The Baltimore City Council held an informational hearing Thursday on working conditions at the city’s Department of Public Works after a series of reports outlined safety and culture concerns within that agency.
The hearing before the council’s Legislative Investigations Committee began with a presentation by Baltimore Inspector General Isabel Mercedes Cumming, whose March 5 report found that DPW employees were subjected to an adverse work environment for the last decade.
Cumming testified that of the $641 million granted to Baltimore under the American Rescue Plan Act (ARPA), just $15 million went to DPW at a time when the agency needed to address long-standing infrastructure problems — such as broken HVAC systems — at its sanitation yards.
“They truly were the forgotten department. They had to endure it because they had no choice,” Cumming said.
Cumming said the neglect led to 1,627 reported injuries at DPW from 2019 to 2024 — an average of nearly one injury daily — and six deaths, including two in 2024 alone. She said much of the distress could have been avoided with better training procedures.
“I went to some of the training, and it was really hard. I didn’t understand some of the things they were saying,” Cumming said. “So I think it’s very important that you keep things at a level that everybody can understand.”

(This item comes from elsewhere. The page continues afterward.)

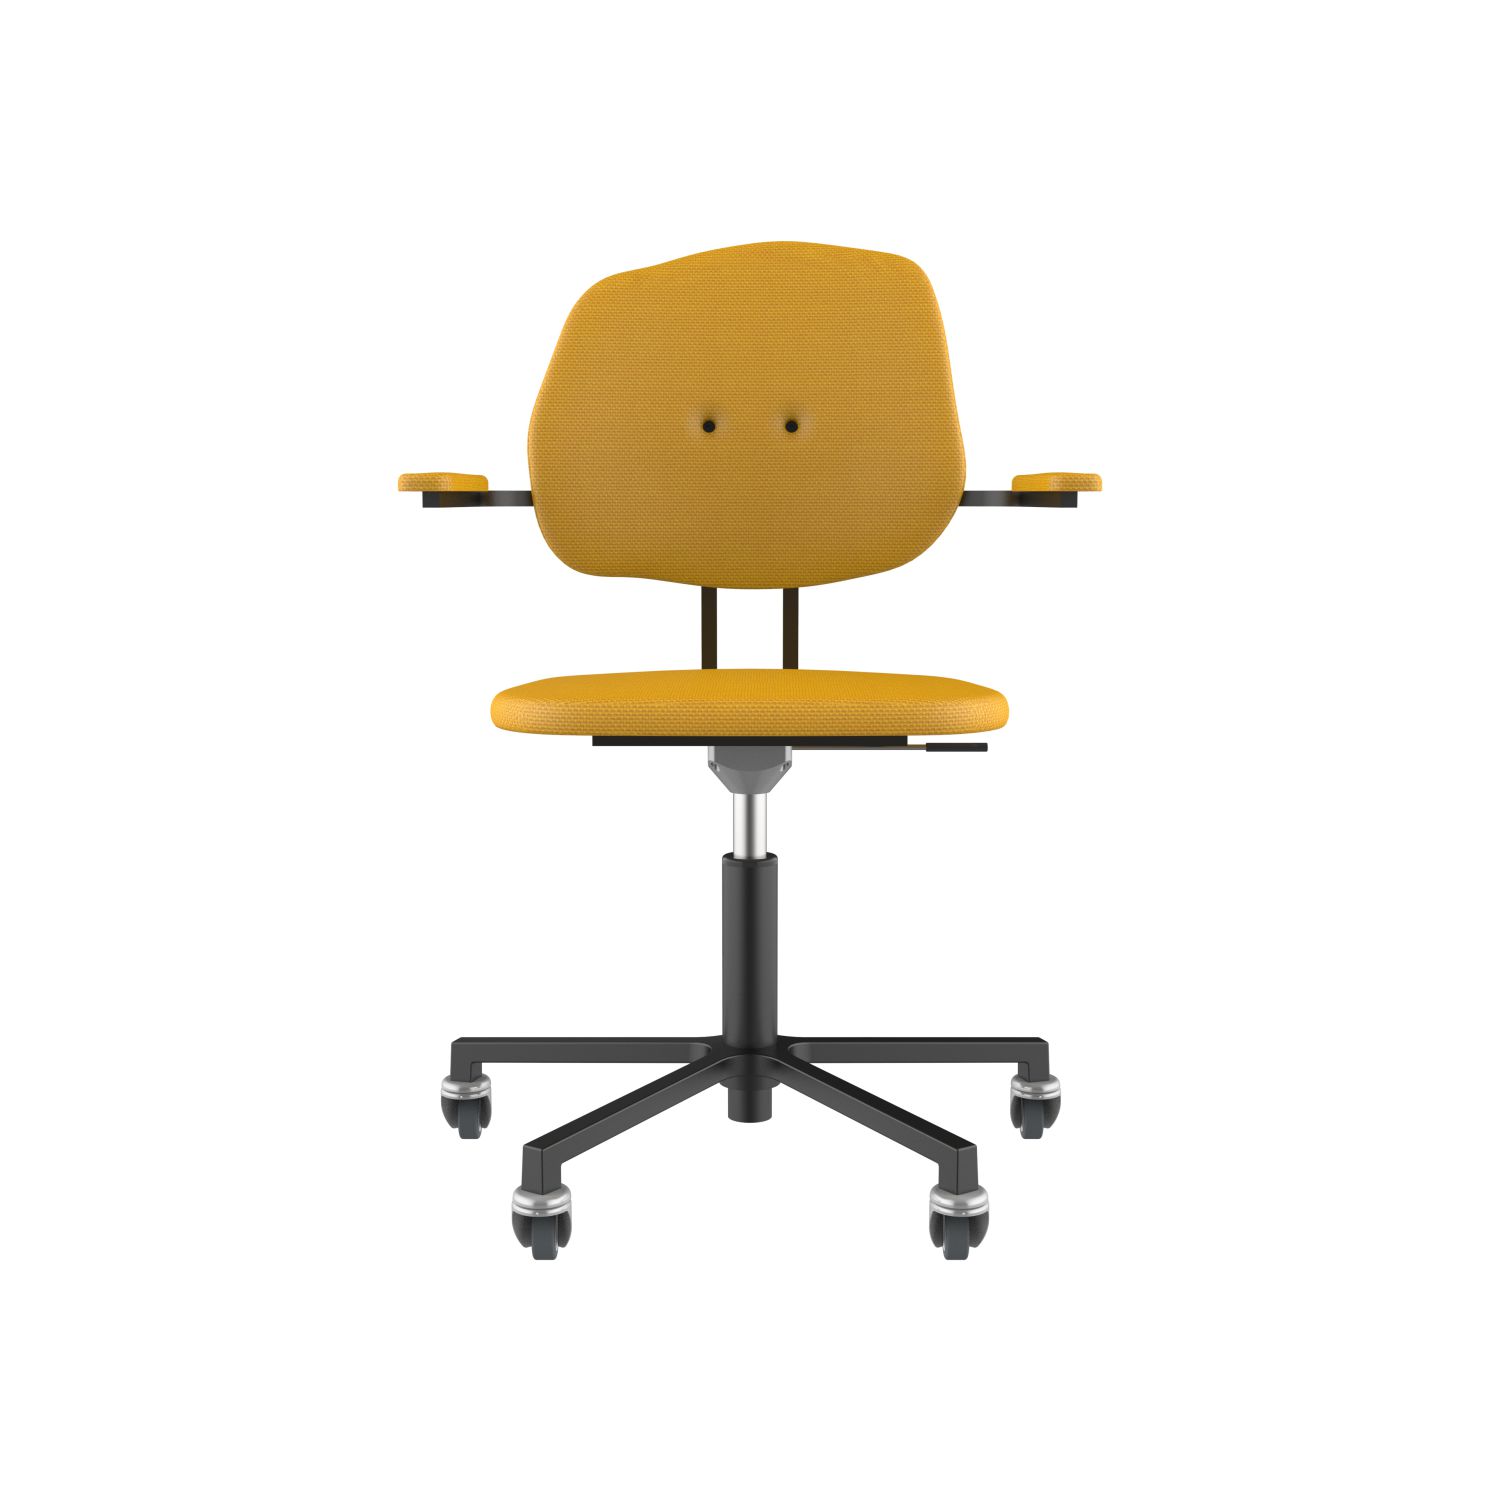 lensvelt maarten baas office chair with armrests backrest g lemon yellow 051 black ral9005 soft wheels

Thiru Vignarajah, an attorney for the family of DPW employee Ronald Silver II, has said Cumming’s report proved employees received “literally no training” in the two years leading up to Silver’s death on the job last August.
Asked by Councilman Ryan Dorsey about criticism of the city’s union for sanitation workers in her report, Cumming explained that any negative feelings she may have toward the union come from what she learned by interviewing more than 130 DPW employees. The union’s attorney sent multiple letters to Cumming’s office arguing she lacked jurisdiction to investigate the extent of their bargaining efforts, the inspector general said.
While no legislation was introduced Thursday and city leaders say much more needs to be done, some are crediting DPW Director Khalil Zaied — who assumed leadership of the agency last fall — with moving things in the right direction.
“Director Zaied inherited an agency in crisis, and he is working hard to fix it,” City Council President Zeke Cohen said.
Zaied responded to concerns by noting that DPW has been working with Baltimore Mayor Brandon Scott and the city’s Department of Human Resources to enact salary increases for sanitation workers. Hourly wages currently start at $15.50, while some temporary DPW employees are paid just $11 per hour without benefits, Dorsey and Cohen said at the hearing, respectively.